An item’s loadings represent the amount of information it provides for each factor. Only items’ meaningful loadings will be displayed in the output.
You’ll notice that many items load onto more than one factor, which means they provide information about multiple factors. This may not be desirable for measure development, so some researchers consider only the strongest loading for each item.
Each examinee will have a factor score for each factor, so that the matrix won’t include blanks. However, examinees with missing data will receive NA scores on all factors.
# View items' factor loadings
EFA_model$loadings
##
## Loadings:
## MR2 MR3 MR5 MR1 MR4 MR6
## A1 0.111 -0.561 0.100 0.312
## A2 0.672
## A3 0.612 -0.104 0.128
## A4 0.183 0.417 0.157
## A5 -0.138 0.502 -0.159 0.179 0.211
## C1 0.519 0.197
## C2 0.667 0.189 0.124 0.186
## C3 0.526
## C4 -0.694 0.227
## C5 0.151 -0.565 0.204
## E1 -0.117 -0.120 0.642
## E2 0.659
## E3 0.161 -0.305 0.416 0.214
## E4 0.226 -0.490 0.317
## E5 0.136 0.269 -0.369 0.277
## N1 0.805 -0.103 -0.100
## N2 0.832
## N3 0.687
## N4 0.450 -0.157 0.392
## N5 0.482 0.181 0.198 -0.135 0.113
## O1 0.588
## O2 0.140 -0.321 0.395
## O3 0.617
## O4 0.132 0.156 0.339 0.393 -0.102
## O5 -0.416 0.380
## gender 0.218 0.141 0.309 -0.224 -0.131
## education 0.118 0.158 -0.209
## age 0.244 -0.257
##
## MR2 MR3 MR5 MR1 MR4 MR6
## SS loadings 2.459 1.987 1.935 1.821 1.644 0.893
## Proportion Var 0.088 0.071 0.069 0.065 0.059 0.032
## Cumulative Var 0.088 0.159 0.228 0.293 0.352 0.384
# View the first few lines of examinees' factor scores
head(EFA_model$scores)
## MR2 MR3 MR5 MR1 MR4 MR6
## 65709 2.0021187 -0.24275728 0.46012234 1.5313921 0.60206450 -0.3383439
## 62161 -0.1528222 -0.86285915 -0.17615070 -0.8113223 0.05121022 0.5098835
## 66929 -0.8763783 0.04723032 -0.05058311 1.5832182 0.17495513 -0.1624284
## 65841 NA NA NA NA NA NA
## 64673 0.1832247 -0.10032073 -1.78674553 2.1871294 -0.99658360 -0.5838158
## 61890 0.2378832 -0.38046507 0.05639170 -0.4019052 1.26262190 0.4306842
Now that you know the basics of model fit, let’s take a look at the absolute fit statistics for your six-factor EFA on the bfi_EFA dataset.
#Show the reference value for model good fit at P = 0.01
data.frame(
`Chi-square test` = "p-value < 0.01",
TLI = 0.916,
RMSEA = 0.045)
## Chi.square.test TLI RMSEA
## 1 p-value < 0.01 0.916 0.045
Usually for CFA, The TLI is above the 0.90 cutoff and the RMSEA is below the 0.05 cutoff indicate a good fit. The EFA_model shows the Tucker Lewis Index of factoring reliability = 0.885 and RMSEA index = 0.047. Therefore, the model has a good fit.

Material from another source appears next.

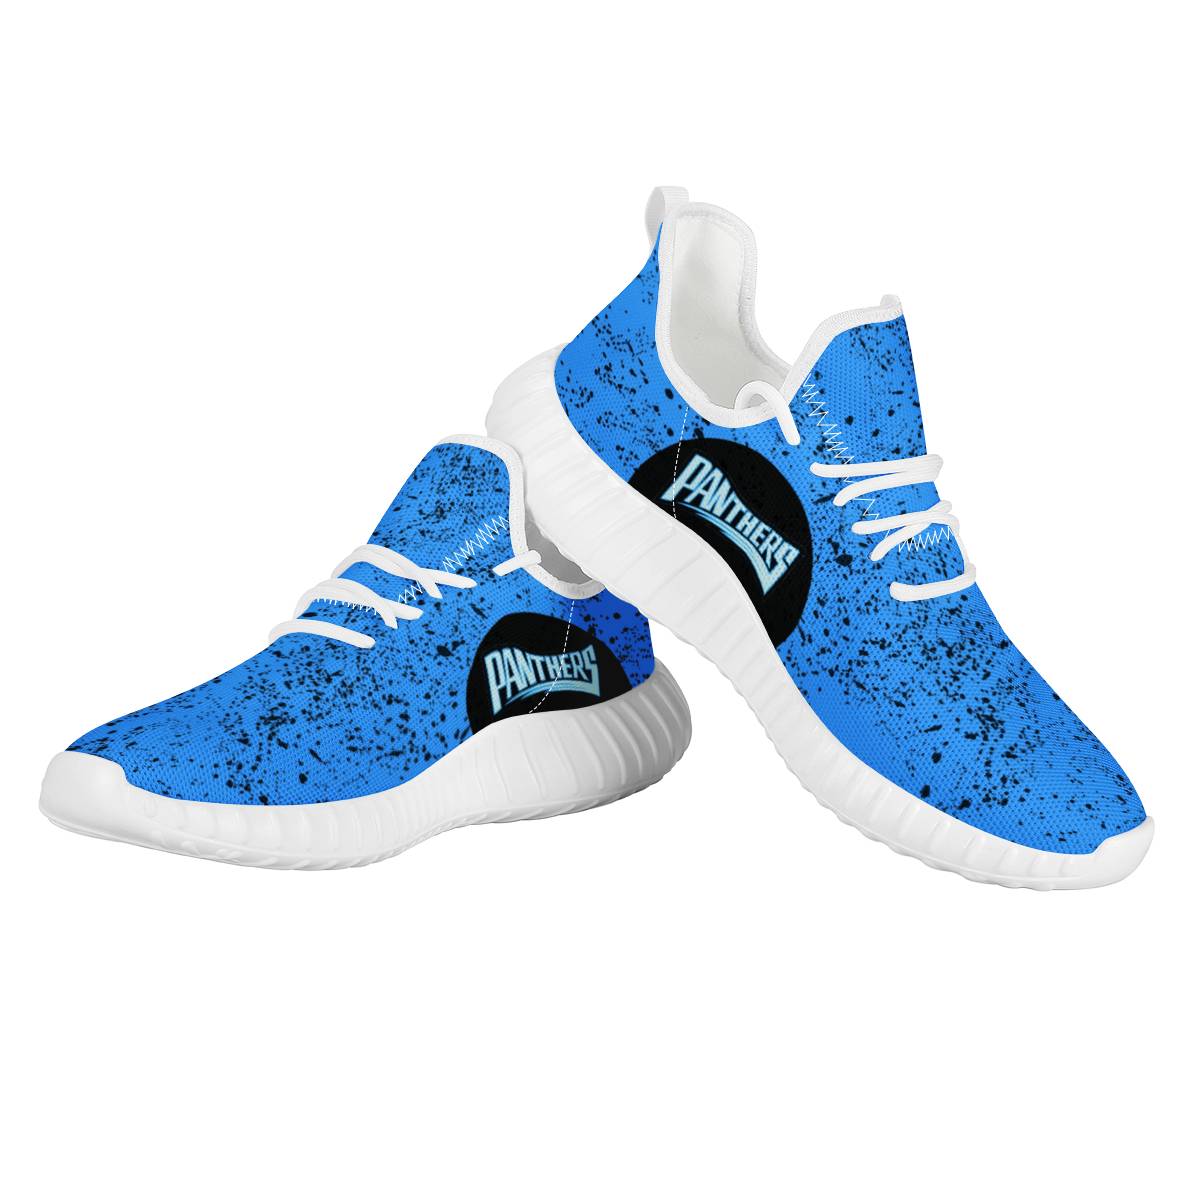 Women's Carolina Panthers Mesh Knit Sneakers/Shoes 008

The items are theorized to load onto five factors, but the scree plot indicates the optimal number of six factors. We can use fit statistics to make am empirical decision about how many factors to use.
We can use the bfi_EFA dataset to run both hypothesized number of factors, five and six. Then, we compare the Bayesian Information Criterion (BIC) value to determine the preferred model, with its lower variation as a priority.
# Run each theorized EFA on your dataset
bfi_theory <- fa(bfi_EFA, nfactors = 5)
bfi_eigen <- fa(bfi_EFA, nfactors = 6)
# Compare the BIC values
bfi_theory$BIC
## [1] -431.2817
bfi_eigen$BIC
## [1] -785.6592
The eigenvalue-driven model has a much lower BIC, so it is empirically preferred.